Alors que prend place un nouveau confinement en France le 30 octobre, les artistes de la nuit redoublent d'inquiétude pour leur avenir, après avoir déjà été autant oubliés qu'affectés depuis le début de la crise sanitaire. Vincent Carry, directeur des Nuits Sonores, témoigne de leur situation.
- Vincent Carry Directeur du festival Les Nuits Sonores
Alors qu'un nouveau durcissement des restrictions sanitairesprend effet le 30 octobre avec un reconfinement national, l'avenir déjà mis en péril dès le début de la crise sanitaire de certains milieux artistiques est plus que jamais en question. Parmi eux, le monde de la nuit, dont les portes ont été pour la majeure partie fermées et ses artistes privés d'exercice depuis le printemps 2020. Affaire en cours reçoit Vincent Carry, directeur d'Arty Farty (Les Nuits sonores, Le Sucre, European) qui revient sur une tribune qu'il a publiée lundi 26 octobre dans Libération, dans laquelle il interpelle le gouvernement sur la situation tragique que vivent les acteurs de la nuit.
Dans sa tribune, Vincent Carry rappelle que le milieu de la nuit ne relève pas du ministère de la Culture mais du ministère de l’Intérieur, et « qu’il s’agit d’une erreur historique et d’une immense injustice ».
C'est évidemment une erreur. Cette réaction vient du fait que la ministre de la Culture elle-même a insisté à plusieurs reprises que les clubs et la vie nocturne n'étaient pas sous sa responsabilité, mais sous celle du ministère de l'Intérieur. Quand on regarde l'histoire culturelle que représente la scène de la musique électronique française et mondiale, qui a permis à la France d'avoir une galaxie d'artistes, comme Laurent Garnier, qui a lui-même écrit une lettre à Roselyne Bachelot. Les artistes, nouvelles générations comme pionniers, les festivals, tout un paysage culturel qui selon moi appartient de plein droit à l'espace culturel.
Vincent Carry
Le DJ, compositeur et producteur de musique électronique Laurent Garnier a publié quant à lui sur son site une lettre à l’attention de la ministre de la Culture Roselyne Bachelot, où il témoigne du passage de « spectacle vivant » à « spectacle mort » au sujet de sa profession.
La nuit, espace démocratique culturel
L’institution, et même l’opinion publique, dénigrent-elles ou méconnaissent-elles le rayonnement international de la culture électronique ?

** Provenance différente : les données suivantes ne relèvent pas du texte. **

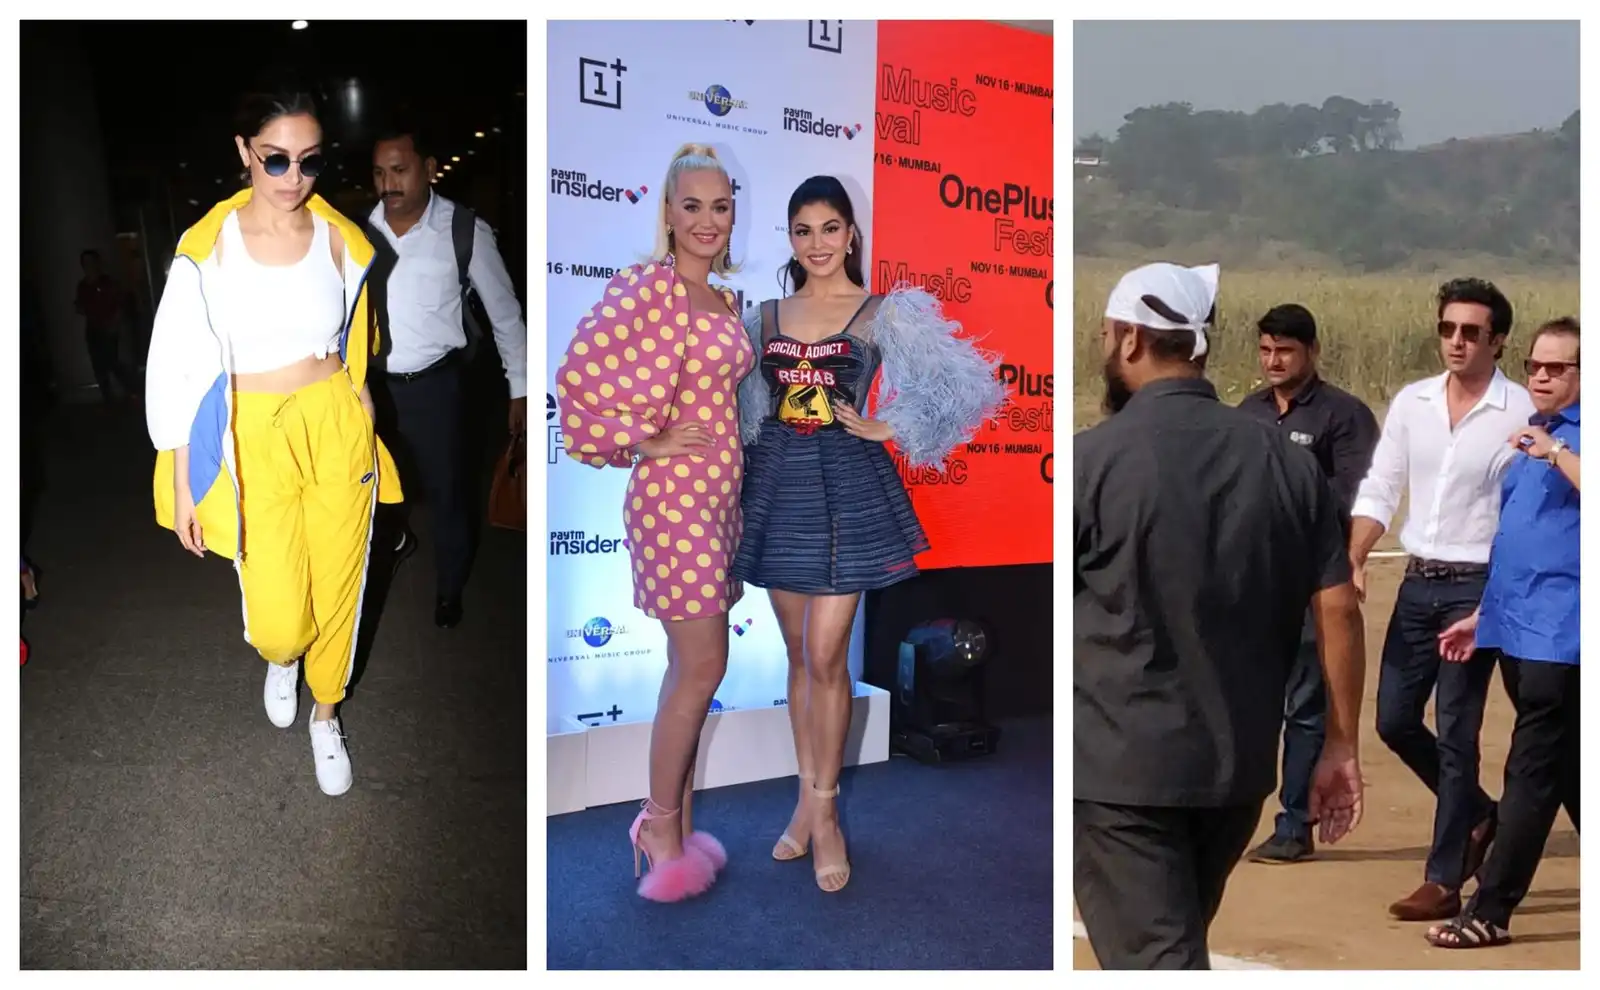 Spotted: दीपिका पादुकोण ने अपने फैशन से बढाया एअरपोर्ट का तापमान, हॉलीवुड सेलेब केटी पेरी के साथ जैकलीन!

Reléguer la scène de la nuit aux marges de l'espace culturel, c'est une erreur d'analyse, mais c'est aussi une certaine forme d'agression vis à vis de l'ensemble des gens qui se sont investis dans cette scène culturelle depuis très longtemps pour la faire vivre. Au delà de son rôle artistique qui fait peu débat quant à sa place historique, ce qui est encore plus triste, c'est le manque de perception du rôle social et démocratique de l'espace de la nuit. C'est un des endroits prioritaires, pour la jeunesse en particulier, pour exprimer son envie de constitution citoyenne, son envie de débat, son envie de contradiction.
Vincent Carry
Fermer le monde de la nuit, est-ce exclure tout un pan de la jeunesse du débat public ? Aux yeux de Vincent Carry, il s'agit d'une jeunesse qui ne se retrouve pas dans les lieux consacrés du pouvoir ou les lieux traditionnels de débat public pour s'exprimer. Car l'espace de la nuit est aussi un espace démocratique.
Il est certain que les clubs, mais aussi l'espace de la nuit en général, les lieux de convivialité et de partage, les bistrots aussi bien que les festivals, tout cet espace-là est devenu un espace de démocratie.
Vincent Carry
A titre d'exemple, Vincent Carry cite la création au sein du festival Les Nuits sonores d'un espace de débat nommé Urban Lab, et des lieux comme Ground Control à Paris, espace culturel axé vers le débat public.
Dans ces endroits-là, on retrouve une jeunesse qui avait déserté le débat public, qui n'était plus engagée, qui souvent ne votait pas, qui est dans une relation de défiance avec tout ce qui représente le pouvoir. Il me semble qu'il est de l'intérêt général de la réconcilier avec le débat public et de la réengager dans un processus de contradiction positive. On sent à l'inverse une crainte, qui est selon moi une méconnaissance, d'un secteur très balisé. C'est hallucinant d'être obligé de faire cette tribune aujourd'hui. Ca paraît invraisemblable.